Début 1944, les choses se gâtent: le médecin juif de Sabine Zlatin, le docteur Bendrihem, est arrêté et la Gestapo perquisitionne les locaux de l’Union générale des Israélites de France à Chambéry, dont dépend la colonie d’Izieu. Le 6 mars, le sous-préfet Wiltzer est muté dans la Vienne. Fin mars, 18 enfants sont arrêtés dans une maison-refuge de l’Isère. Face à l’intensification des persécutions antisémites, début avril, Sabin Zlatin part à Montpellier pour tenter de trouver des solutions pour disperser les 45 enfants qui se trouvent alors à Izieu.

Le 6 avril 1944, Klaus Barbie, à la tête d’hommes de la Gestapo et de la Wermacht, investit la maison d’Izieu où se trouvent alors les enfants et huit adultes.

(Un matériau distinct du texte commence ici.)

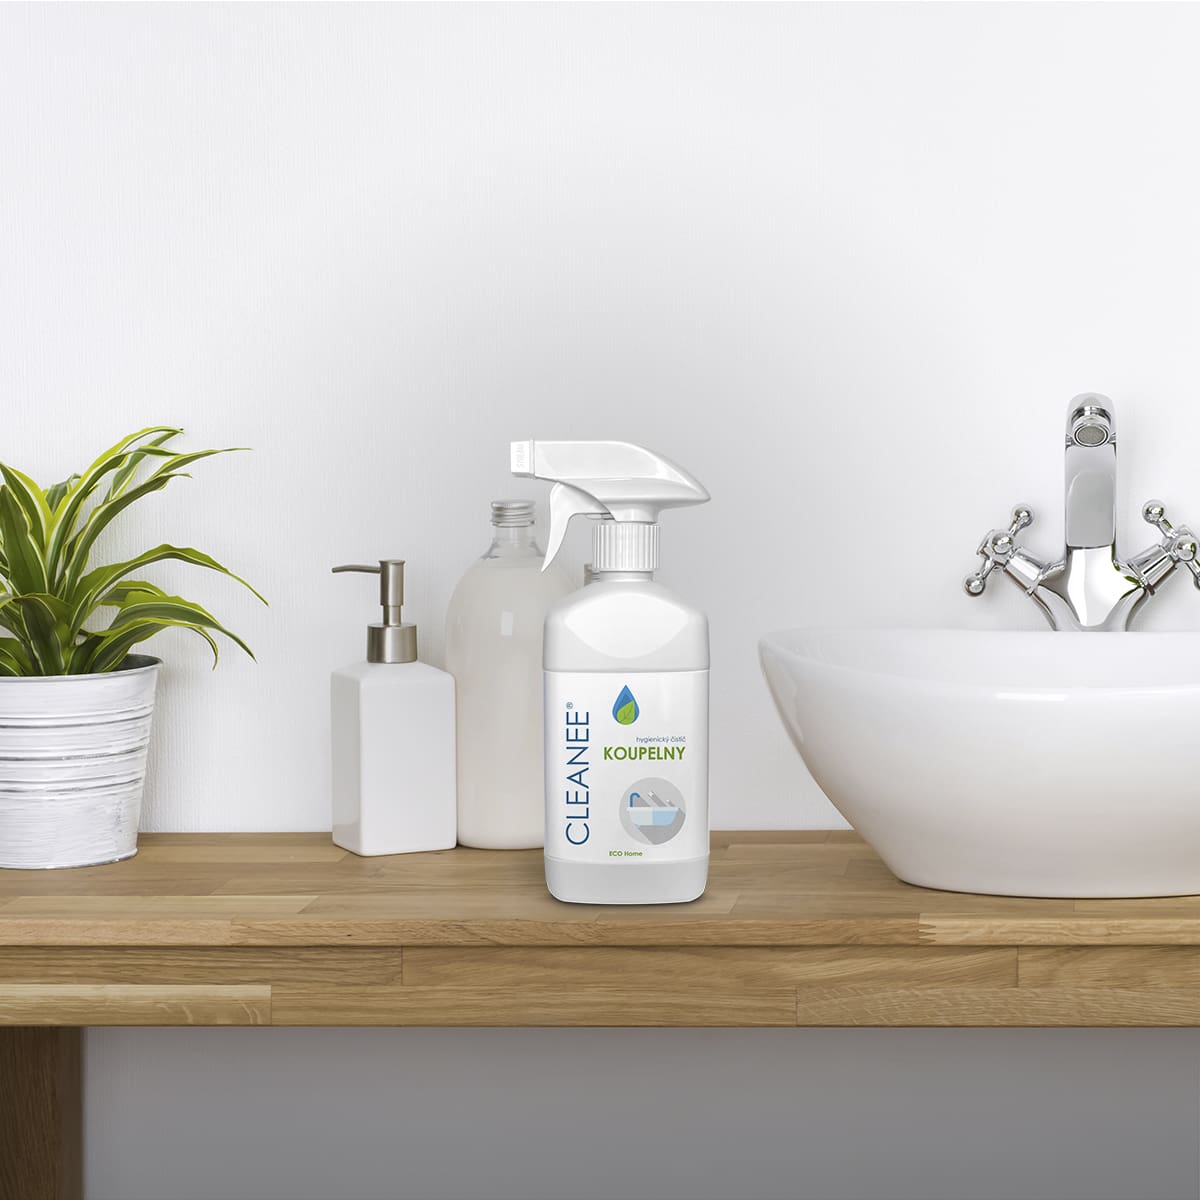 Přírodní čistití prostředek na koupelny s dlouhodobým hygienickým účinkem.

Sabine Zlatin qui se trouve à Montpellier est avertie par un télégramme de Marie- Antoinette Cojean, secrétaire de la sous-préfecture de Belley : « Famille malade – maladie contagieuse ».

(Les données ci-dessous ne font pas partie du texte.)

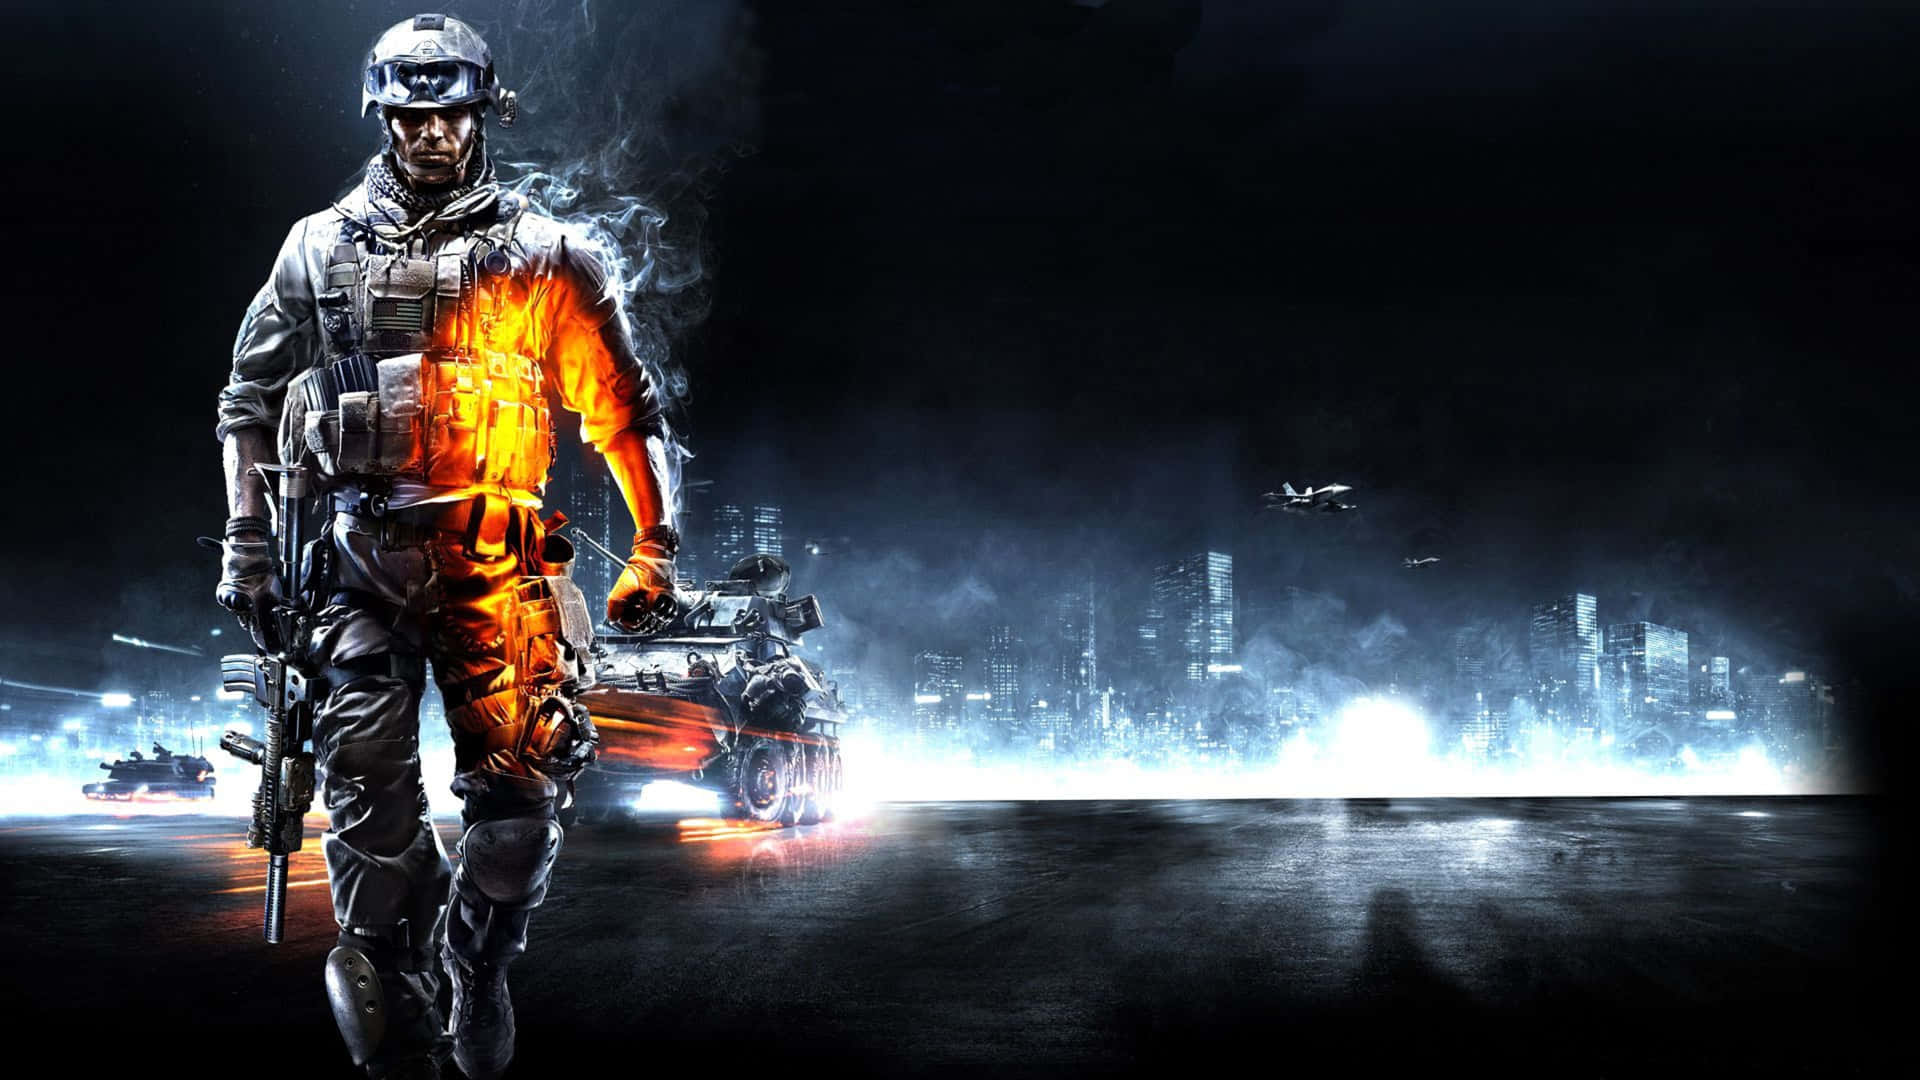 1440p Battlefield 1 Burning Soldier Background

Un adulte, Léon Reifman parvient à s’échapper et à se cacher grâce à l’aide de fermiers voisins. Tout le monde est chargé sans ménagement dans deux camions. Miron Zlatin est battu devant les enfants. Sur la route qui descend, les voisins entendent les enfants chanter « Vous n’aurez pas l’Alsace et la Lorraine ». Le seul enfant non-juif, René-Michel Wucher, 8 ans, est libéré lors d’une halte dans un village en contrebas d’Izieu.

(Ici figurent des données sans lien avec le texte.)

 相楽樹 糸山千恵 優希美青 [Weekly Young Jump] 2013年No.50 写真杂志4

Le 7 avril 1944, les 51 personnes arrêtées sont transférées de la prison de Montluc à Lyon au camp de Drancy. Entre le 13 avril et le 30 juin, 42 des enfants et 6 adultes sont déportés à Auschwitz par les convois no 71, 74, 75 et 76. Tous, à l’exception de Léa Feldblum, sont assassinés immédiatement à leur arrivée au camp de Birkenau. Deux adolescents et Miron Zlatin sont déportés vers l’Estonie par le convoi 73, où ils sont assassinés. Des 51 personnes déportées, seule Léa Feldblum, éducatrice de la colonie, survivra à Auschwitz et aux expérimentations médicales qu’elle y a subies. Elle porte le matricule 78620.

*
Sabine et Miron Zlatin

Sabine Zlatin est née Chwast en 1907 à Varsovie. Après un périple de cinq ans à travers l’Allemagne et la Belgique, elle arrive à Nancy en 1925, où elle rencontre un jeune étudiant juif, Miron Zlatin, né en 1904 à Orcha (aujourd’hui en Biélorussie). Ils se marient et, en 1929, se lancent dans l’élevage de volailles. Ils sont naturalisés français en 1939. Sabine devient infirmière militaire auprès de la Croix-Rouge en 1939. Le couple s’enfuit à Montpellier en 1940 devant l’avancée allemande. Sabine y exerce comme infirmière de la Croix-Rouge jusqu’à ce qu’elle en soit empêchée par les lois antisémites de Vichy. Elle rejoint alors l’OSE comme assistante sociale et participe au sauvetage d’enfants des camps d’internement de la zone sud. Arrêté à Izieu le 6 avril 1944, Miron Zlatin est déporté vers l’Estonie par le convoi 73 du 15 mai 44. Il est assassiné par les SS en juillet.
Après la rafle d’Izieu, Sabine Zlatin rejoint la Résistance à Paris. À la Libération, elle devient hôtelière-chef du Lutetia où sont accueillis les déportés de retour des camps.
En 1987, Sabin Zlatin témoigne lors du procès de Klaus Barbie. « Pour le crime odieux d’Izieu, il n’y a ni pardon, ni oubli », dit-elle notamment à la barre. L’année suivante, aidée de Pierre-Marcel Wiltzer, elle fonde l’association pour la création du Musée- mémorial d’Izieu. Le 24 avril 1994, le Musée-mémorial des enfants d’Izieu est inauguré par le président François Mitterrand. Sabine Zlatin est morte le 21 septembre 1996 à Paris. Elle a légué à la Maison d’Izieu tous ses biens et ses archives.